Если в 20-е годы Леонов решает проблему стихии и разума посредством персонификации в своих героях философских идей и путем столкновения этих идей (будь то религиозный дуализм Пчхова, мальтузианство Чикилева, купеческий рационализм Заварихина, либо партийный схематизм Аташеза), если темы «дна» и «босячества» рассматривались сквозь призму романтического идеализма, то в редакции романа 1959 года Леонов подвергает коренному пересмотру основные положения романа.
«Логика развития героев в философском романе – это логика мысли». Поведение героев определяют не социальные и биологические факторы, а идея, которая «внушена» им автором. И если идеи автора в процесс творческого развития претерпели изменения, это неизбежно приведет к изменению логики событий и мотивации поступков героев в романе. Именно это и произошло во второй редакции «Вора» со многими персонажами произведения.

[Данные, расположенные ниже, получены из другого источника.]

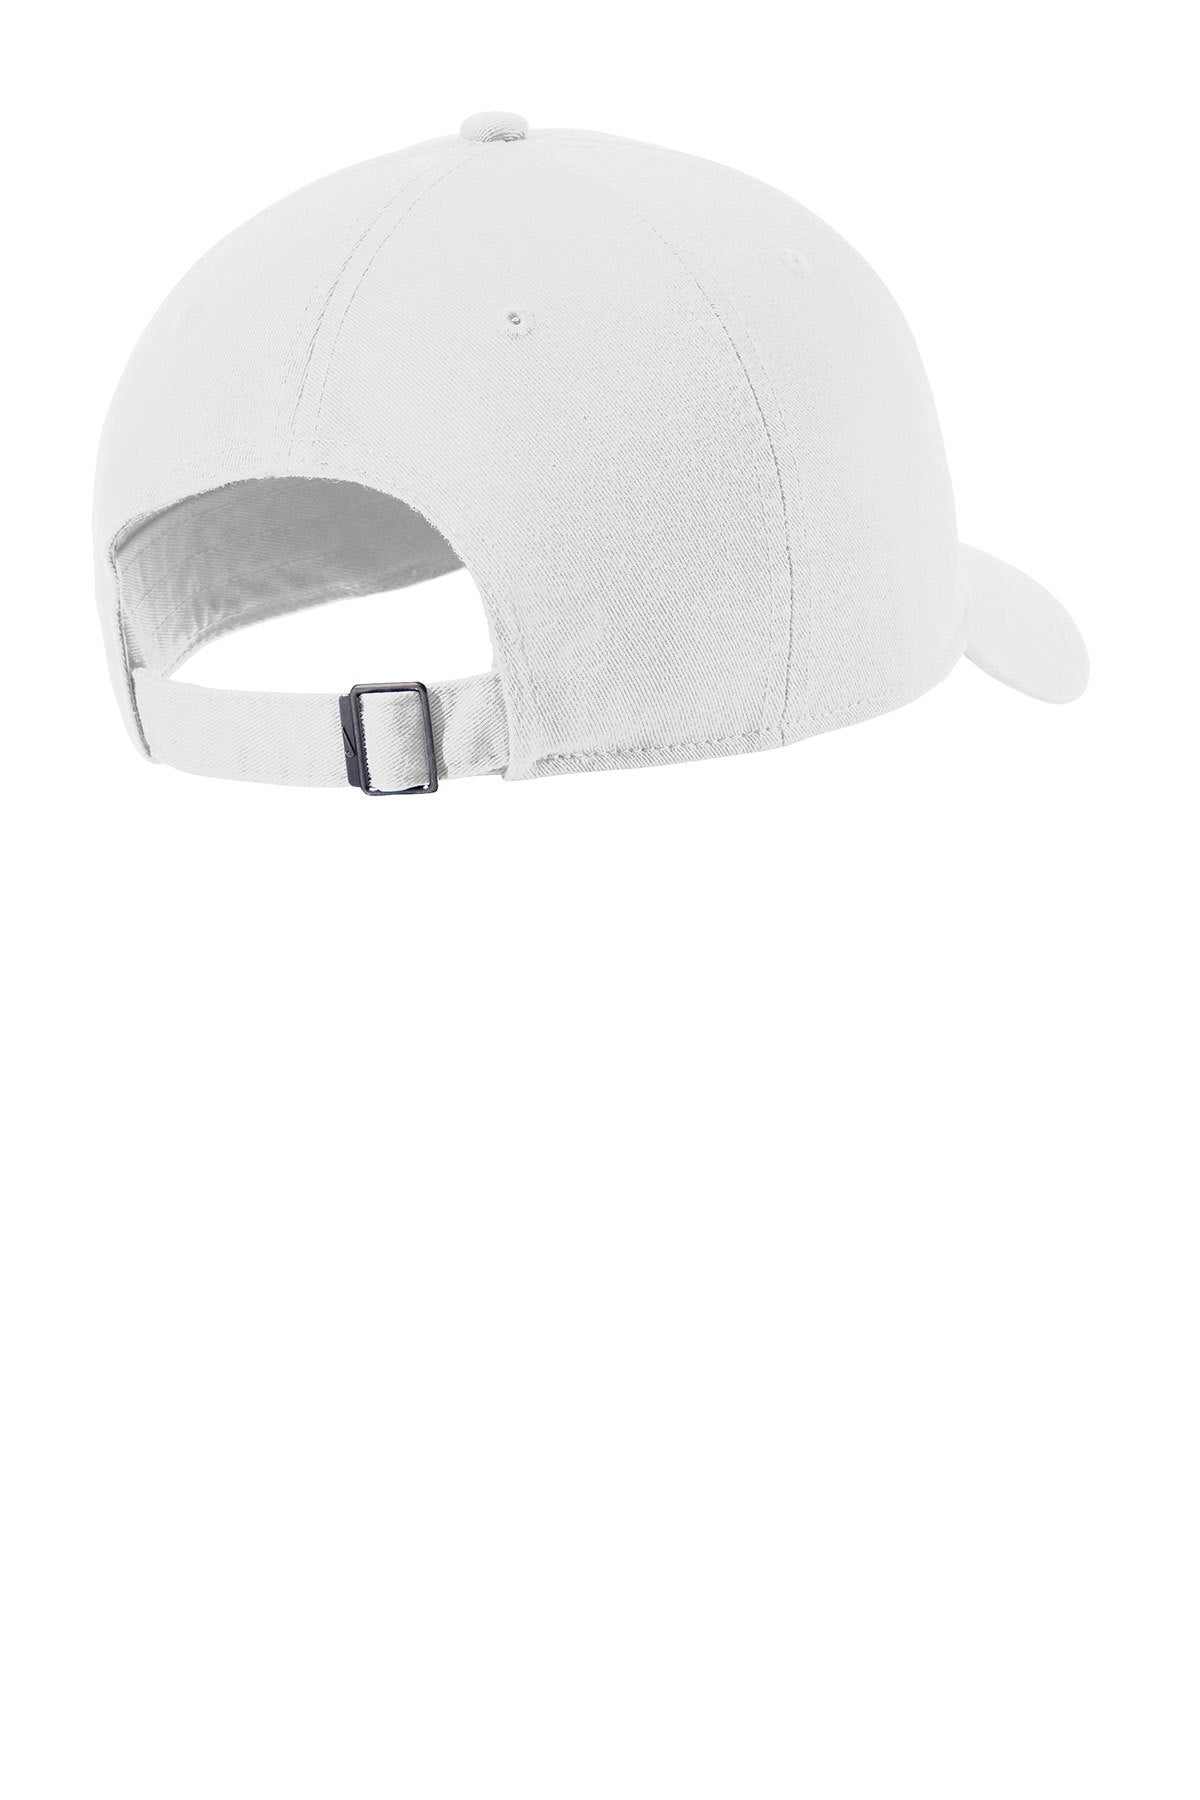 Nike Heritage 86 Customized Caps, White

Безнравственные поступки многих героев «Вора» силой художественного воображения автора представленные, как следствие нового социального уклада, вступают в противоречие с идеей христианской общности людей. Следовательно, виной такой трансформации сознания героев становятся социальные условия нового общества. В обстоятельствах 20-х годов двадцатого столетия в России эта идея могла показаться рациональной. Поэтому во второй редакции писатель дает новую трактовку поступков персонажей. Автор лишает своих герое романтического ореола и смещает акцент психологического анализа в область нравственной оценки их поступков. Здесь они выступают не как «жертвы новых товарно-денежных отношений, сформировавшихся в России», а как люди, лишенные нравственных и этических ориентиров, что ни в коей мере не противоречило идеологическим координатам социалистического общества.

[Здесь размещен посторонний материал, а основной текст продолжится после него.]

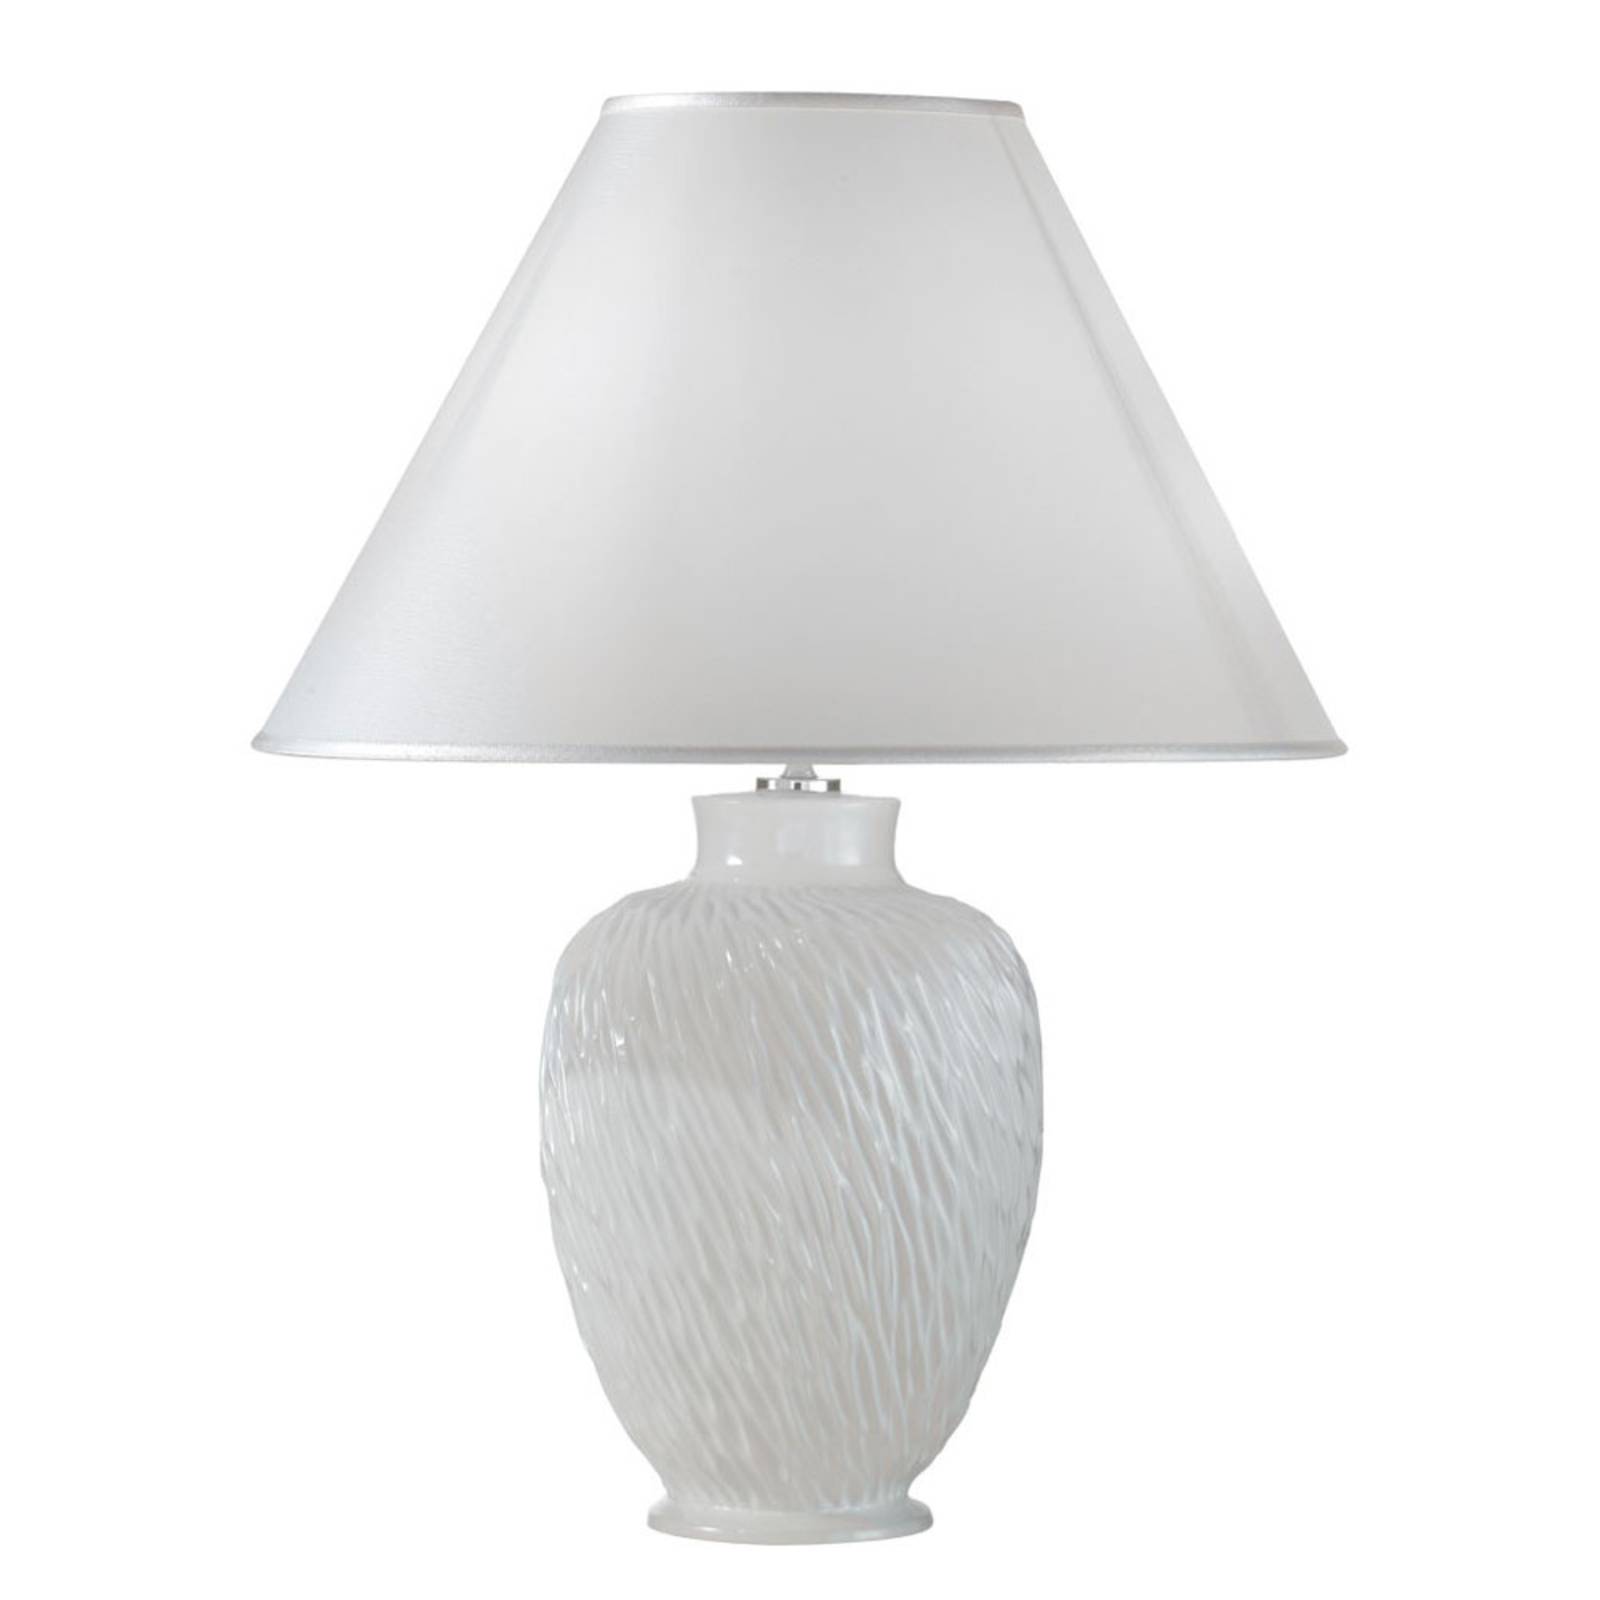 Asztali lámpa Chiara kerámia, fehér, Ø40 cm

Однако вторую редакцию «Вора» не следует рассматривать только как попытку автора реабилитироваться во мнении советской критики и советского читателя, либо как дань политической конъюнктуре. Вторая редакция романа – скорее взгляд писателя на проблемы, заявленные в первом варианте «Вора». Но под углом зрения поколения, воспитанного в новой социальной формации, поколения, для которого проблематика, поднятая в «Воре» первой редакции, могла бы показаться отвлеченной, не отвечающей духу нового времени.

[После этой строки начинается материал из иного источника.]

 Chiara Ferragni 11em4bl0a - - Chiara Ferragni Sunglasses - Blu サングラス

Психологическая мотивация поступков героев «Вора» 50-х совершенно противоположна той, что заявлена в первой редакции романа. Векшин – это уже не романтический герой, способный мыслить категориями вселенского масштаба, а человек, трагически не успевающий за ускользающим от него временем, обыкновенный вор, который тяготиться своим праздным времяпрепровождением. Доломанова – мелко мстительная и эгоистическая особа, чуждая сострадания к близким людям. Фирсов из восторженного «летописца» Благушинской вольницы становится строгим судьей поступков своих героев. Пчхов теперь более осторожен в оценках перспектив прогресса и его негативного влияние на развитие страны. Образ Чикилева уже оформлен как образ кондового советского мещанина, который уверен в том, что люди, подобные ему, необходимы во все времена и при любом социальном укладе общества. Яркая индивидуальность всех героев из «Вора» первой редакции, будь то Анатолий Араратский и Агей, Таня Векшина и Санька Велосипед, во второй редакции ретуширована общим тоном. Все это – «вчерашние» люди. Полифонию звучания авторской мысли подменяет монотонный мотив о бессмысленном существовании отщепенцев нового социального уклада. И возникает закономерное впечатление, что на страницах книги намеренно размещена галерея отрицательных персонажей, штампованных по единому клеше. Во второй редакции роман становится в идеологическом плане более выдержанным, в эстетическом – менее ярким. Могла ли удовлетворить Леонова, очевидно, ставившего своей художественной задачей не простую реанимацию романа, дабы «подогреть» интерес искушенного читателя к своему творчеству, а пытавшегося возобновить и продолжить диалог на важнейшие для него «проклятые» вопросы, могла ли его удовлетворить подобная подмена? Очевидно – нет. Его эстетические пристрастия остались неизменны со времен ранней молодости, о чем можно судить по многочисленным публицистическим работам писателя. Мастерство ремесленника слова было отшлифовано десятилетиями кропотливого труда. О чем свидетельствуют даже многие переписанные страницы «позднего» «Вора». Но внутренняя независимость художника от внешних обстоятельств жизни – не тот ли это дар, который прилагается к таланту свыше? И не об этом ли говорил Фирсов из первой редакции «Вора», да, по существу, и все герои Леонова, открыто, в полный голос обсуждавшие старые-новые истины?